Festival Offscreen

OFFSCREEN 2011

Rubber de Quentin Dupieux

Une décharge publique. Parmi des montagnes de déchets, un pneu. La masse de caoutchouc noir, jusque-là inerte, se met à gigoter, trembler, prendre vie. Après des premiers « pas » malhabiles, le pneu se lance dans un périple durant lequel il sèmera la mort en faisant exploser dans des geysers de raisiné et de bidoche une tripotée de caboches et tombera raide dingue d’une souris aux courbes à faire se damner un pneu. Le tout sous le regard incrédule d’une smala de spectateurs matant jumelles vissées aux billes, le spectacle offert par Robert le pneu.

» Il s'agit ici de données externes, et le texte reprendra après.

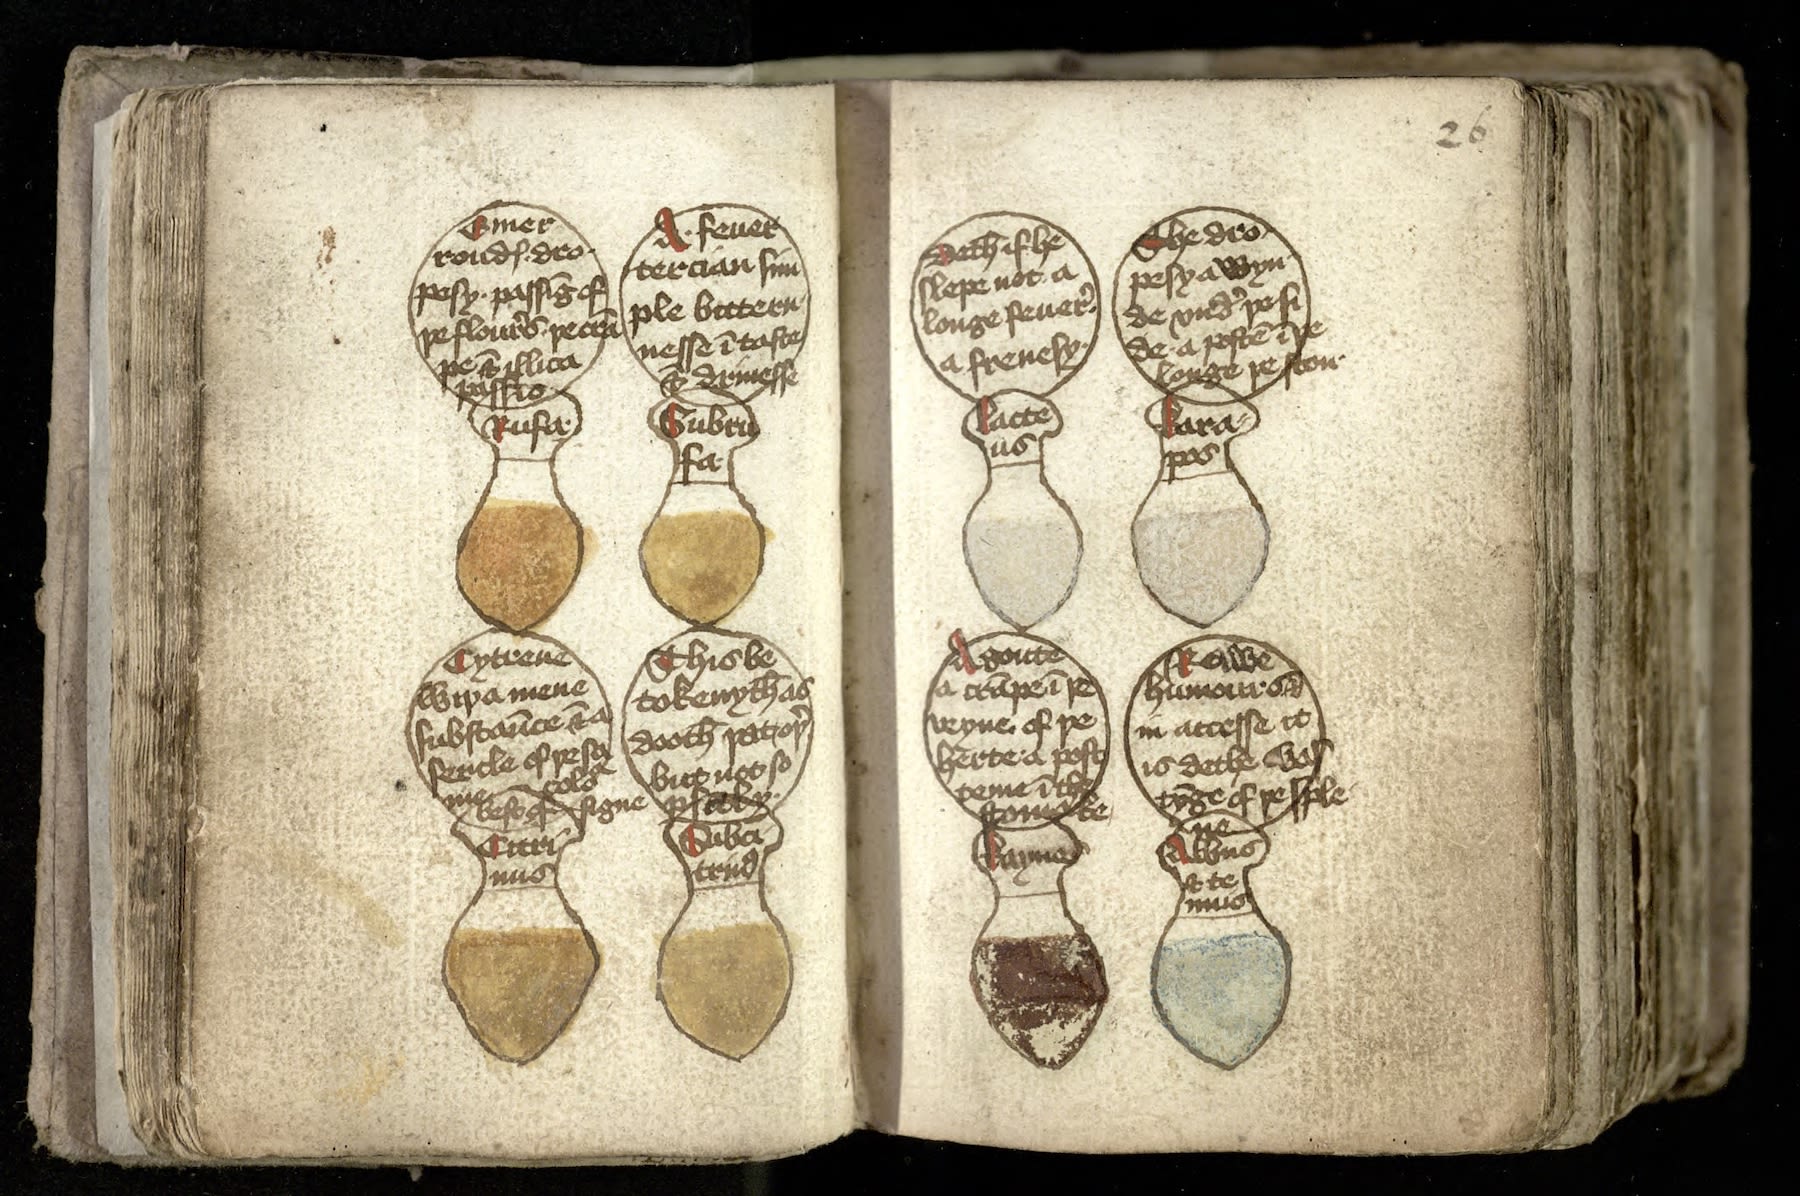 Cambridge medieval medical texts digitized

Echaudé par l’expérience Steak où tout prenait trop de temps à ses yeux, Quentin Dupieux reprend le chemin des plateaux avec la ferme intention de tourner avec une team über light pour shooter vite, puissant et efficace sans qu’aucun exécutif ne vienne lui pomper l’air sur son set pour cause de budget maousse. Cumulant les postes de réalisateur, chef opérateur et monteur, le père de Flat Eric se donne quatre semaines pour réaliser un thriller sans suspens, un film expérimental bouffon, un film libre. La preuve en est le choix délibéré de Dupieux d’opter dès les premières secondes de son métrage pour un rythme lent le détournant instantanément des codes bisseux et zèdards que pouvait augurer le synopsis du film, ainsi que sa volonté de briseur de peanuts de pousser le spectateur dans ses derniers retranchements en le forçant à faire sa part du boulot comme un grand.

Premier challenge pour Dupieux : rendre crédible son pneu, sans que le spectateur ne puisse un quart de seconde comprendre le stratagème donnant vie à son héros de caoutchouc et force est de constater que le bonhomme et sa clique de concepteurs ne se loupent pas dans leur mission casse-gueule. Si techniquement l’effet est saisissant, on ne peut pas véritablement dire que Dupieux réussisse à donner une âme à son pneu de héros. En gros, Robert existe mais ne vit pas. Dommage, car l’absence d’émotion découlant du pneu, ainsi que la distanciation narrative du récit due à un concept de mise en abyme astucieux et jusqu’au-boutiste, rendent le film à la fois fascinant et ludique mais hermétique à toute forme d’empathie pour les personnages. Plutôt ballot pour un film d’une heure et demie. Mais on va pas rouscailler pour si peu. Ne boudons pas notre plaisir. Car hormis cette pénurie de sentiments, le reste du film est une merveille de trouvailles, d’astuces et de surréalisme. Et puis c’est beau, ça en jette, ça a d’la foutue gueule quoi ! Et comment ne pas se pallucher face à un film se terminant sur une scène finale hallucinante, mettant en scène l’âme de Robert le pneu passant de sa carcasse de caoutchouc à celle d’un petit tricycle ralliant une cité lointaine avec une armée de congénères, métaphore de Dupieux le Rebelle partant à l’assaut de Hollywood avec la ferme intention d’y foutre un Bronx pas possible du côté des p’tits frileux de la cité des anges.

Trop long d’une bonne demi-heure, Rubber réussit malgré tout son pari de captiver de bout en bout et de rentrer dans le club très sélect des films instantanément cultes, grâce à des images donnant parfois l’impression de sortir tout droit d’une vidéo de Matthew Barney, une musique à la croisée des compositions indus de Carpenter et des mélodie barpapapesques du François de Roubais de Chapi-Chapo, à un casting tout minouch rempli de tout plein de gus cachetonnant dans des soaps made in USA, de la charmante Roxanne Mequida qui remue à merveille du croupion et des excès de cabotinage de cette bonne vielle gueule burinée de Wings Hauser et à des références qui titillent le cinéphile déviant là où ça lui fait du bien.